I'm not sure if you are agreeing or not, or how much :-)
There is still only the basics of relaxed, consume, release/acquire, and
seq-cst. so there are 4 modes. C++ gives you two more by separating
release and acquire for loads and stores, loads using 'acquire' mode,
stores using 'release'. I guess It allows for a slightly finer control
over instructions that can be loads and/or stores. It looks like the
optimal powerpc sequence for cmpxchg is slightly more efficient when its
just an acquire or just a release rather than an acquire/release for
instance. (and all 3 sequences are slightly different)
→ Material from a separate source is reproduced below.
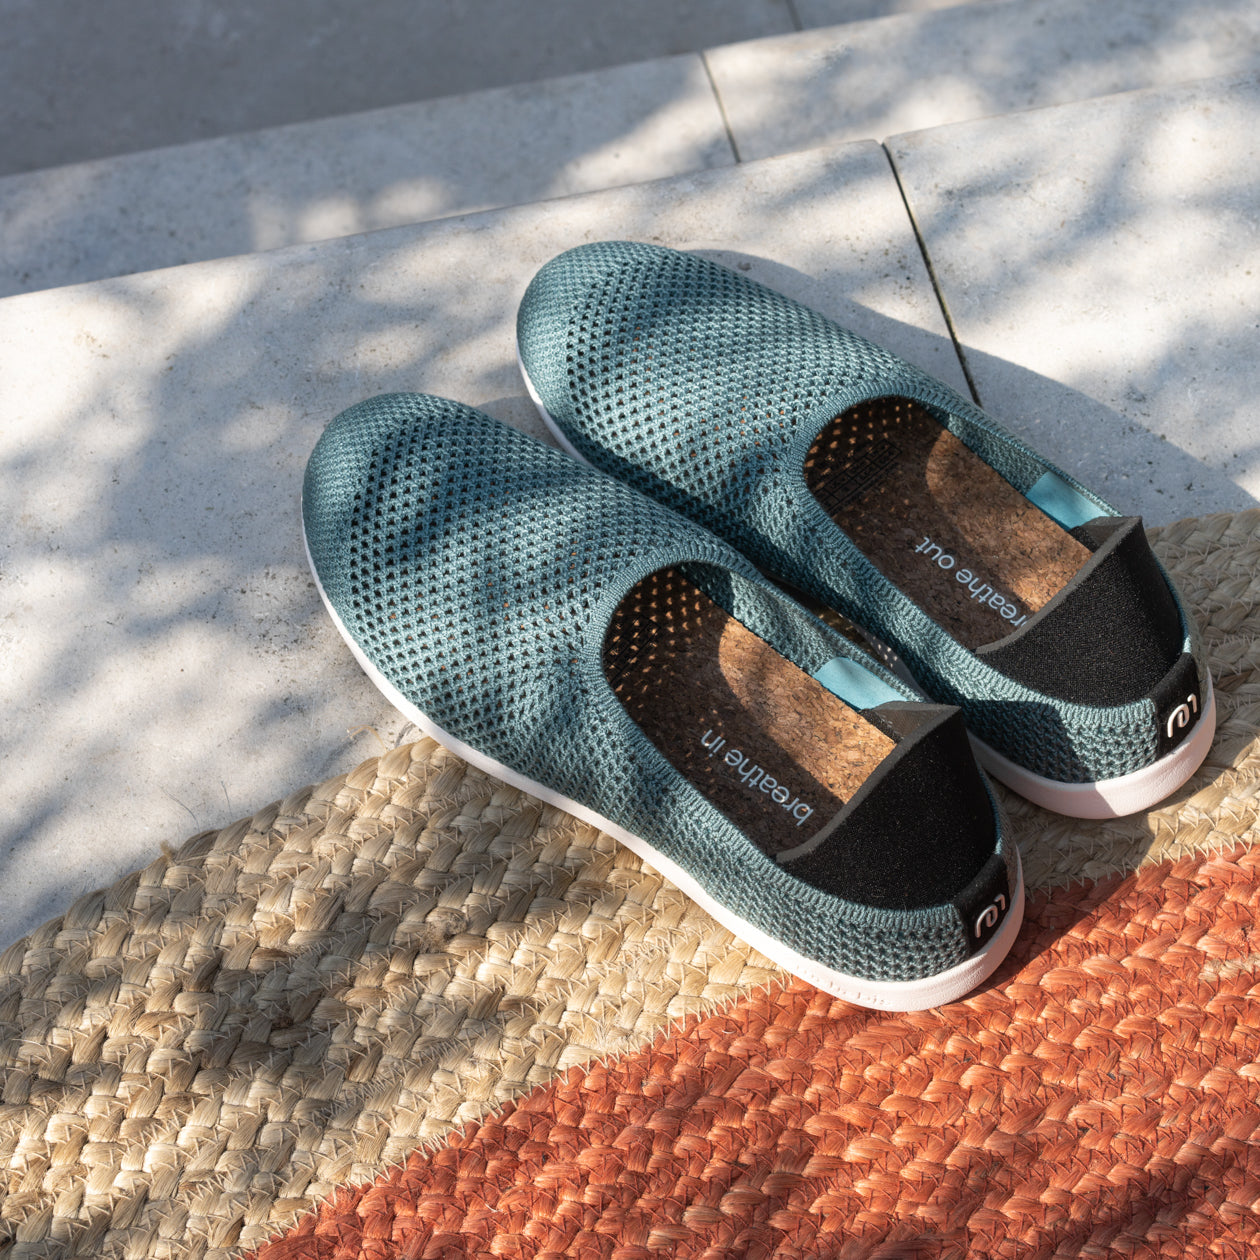 slippers – for time spent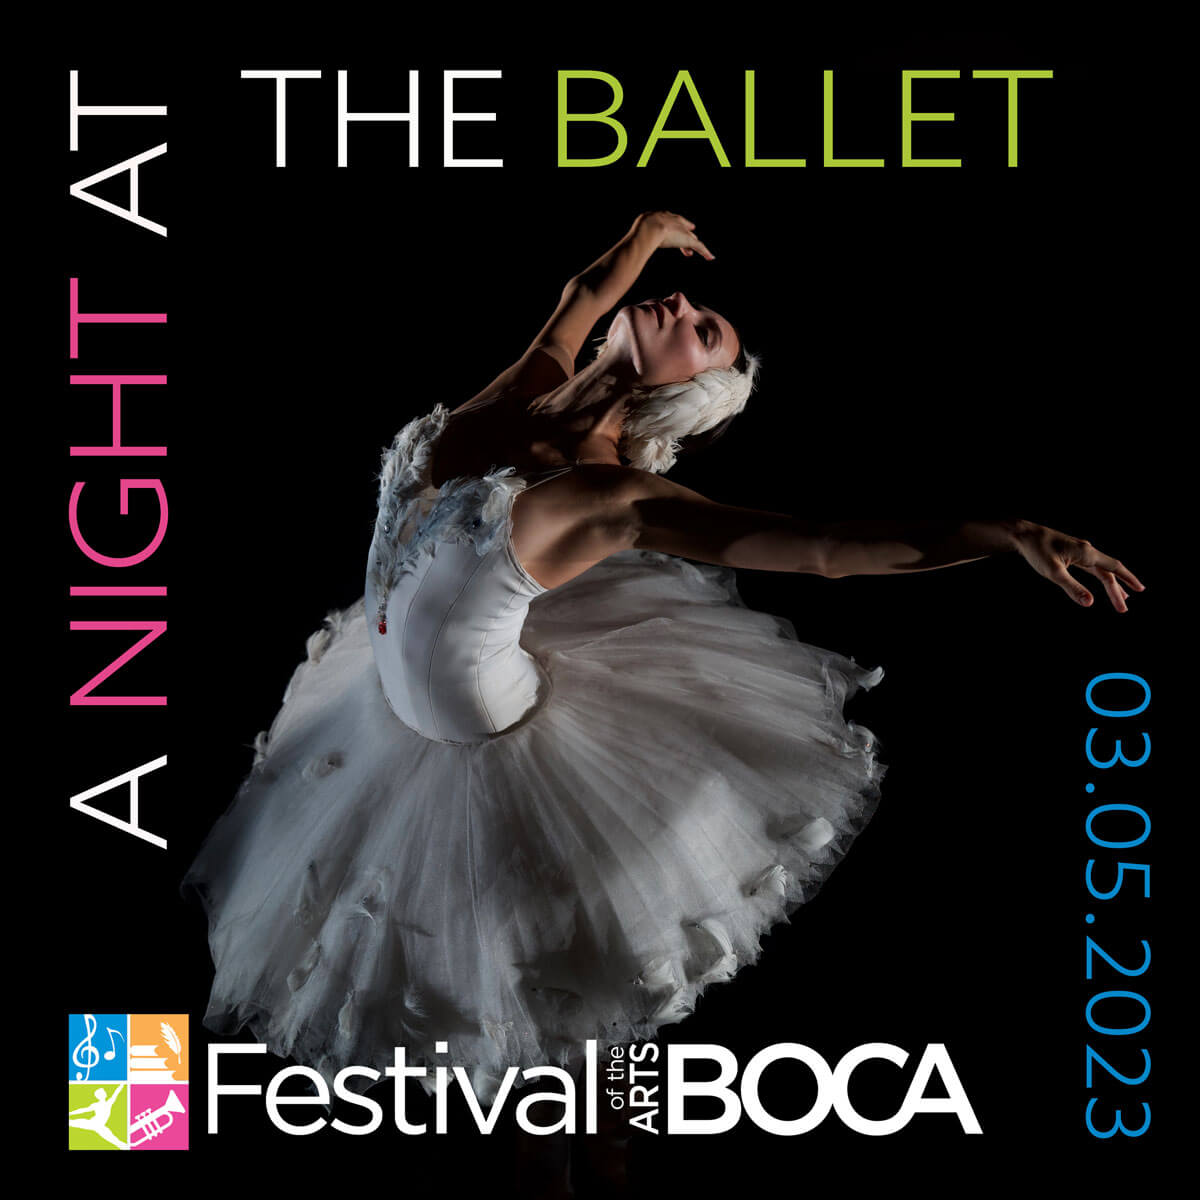 Ballet flyer for the Festival of the Arts in Boca Raton

The table is more or less complete... ie, a store cant have an
'acquire' mode... and I presume that a consumer which doesn't break
release-acquire down into component parts would use that 'release'
version of the store as 'release/acquire' mode.
I presume a single builtin with a parameter is the most efficient way to
build them, but thats just an implementation detail. Presumable you have
each builtin in the table with each of those possible modes as a valid
parameter. The one thing I would care about is i would like to see the
relaxed version be 'just an insn' rather than a builtin, if thats
possible... My understanding is that relaxed (as far as C++) has no
synchronization at all, so therefore you can treat it like a normal
operation as far as optimization. That seems the same for openMP. Its
just thats its atomic operation. So it would be preferable if we can
avoid a builtin in the optimizers for that. Thats why I left it out of
the table. If all the atomic operations are already builtins, well,
then I guess it doesn't matter :-P
It would be nice to say something like emit_atomic_fetch_add
(memory_order) and if its relaxed, emit the atomic fetch_add insn (or
builtin if thats what it is), and if its something else, emit the
appropriate builtin. That would make bits/libstdc++v2/atomic_2.h even
easier too
I think maybe we are more or less saying the same thing? :-)
Andrew